But books and some blogs do have normal output , Therefore, the change point needs to be studied .
2. If for loss Back propagation ,( Use grad_fn attribute ), You can see its calculation diagram . When calling loss.backward() when , The graph will be generated and automatically differentiated , It will also calculate the derivative of the parameters in the calculation diagram .
print(loss)
# Application .backward, Observe before and after the call grad
print(loss.grad_fn)
print(loss.grad_fn.next_functions)
print(loss.grad_fn.next_functions[0][0].next_functions)
net.zero_grad()# Gradient zeroing of all parameters
print(' Before back propagation conv1.bias Gradient of ')
print(net.conv1.bias.grad)
loss.backward()
print(' After back propagation conv1.bias Gradient of ')
print(net.conv1.bias.grad)out:
<MseLossBackward object at 0x7f80b5af9320>
((<AddmmBackward object at 0x7f80b5728cc0>, 0),)
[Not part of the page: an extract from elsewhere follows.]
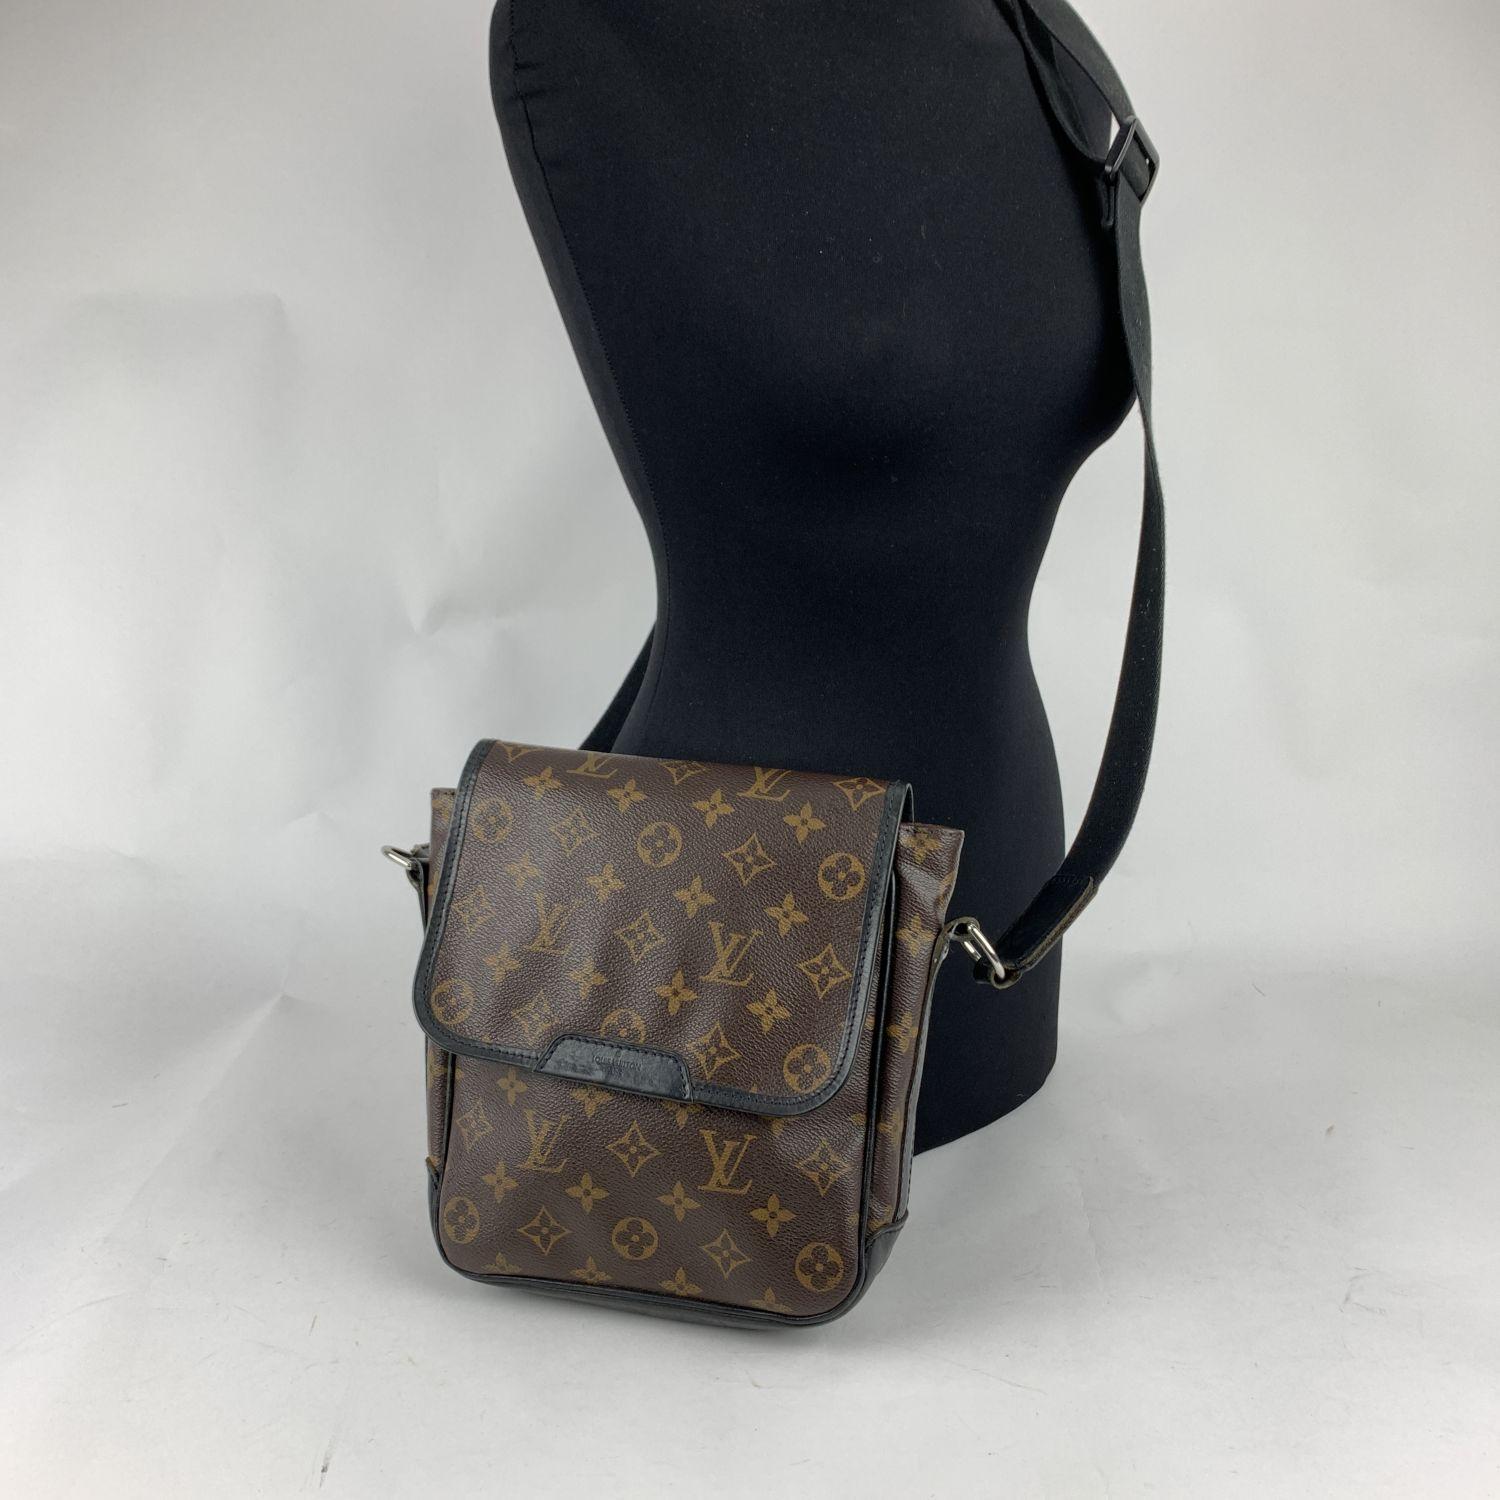 Louis Vuitton 'Macassar Bass PM' Crossbody Bag, crafted in monogram canvas with black leather trim. The exterior features a flap front closure. Burgundy canvas lining. 1 side open pocket inside. Adjustable black nylon shoulder strap. 'LOUIS VUITTON

((<ExpandBackward object at 0x7f80b5728cc0>, 0), (<ReluBackward object at 0x7f80b57009b0>, 0), (<TBackward object at 0x7f80f0ac7198>, 0))
Before back propagation conv1.bias Gradient of
tensor([ 0., 0., 0., 0., 0., 0.])
After back propagation conv1.bias Gradient of
tensor(1.00000e-02 *
[-0.2564, 0.5056, 0.5424, 0.2758, -1.5066, -0.0828])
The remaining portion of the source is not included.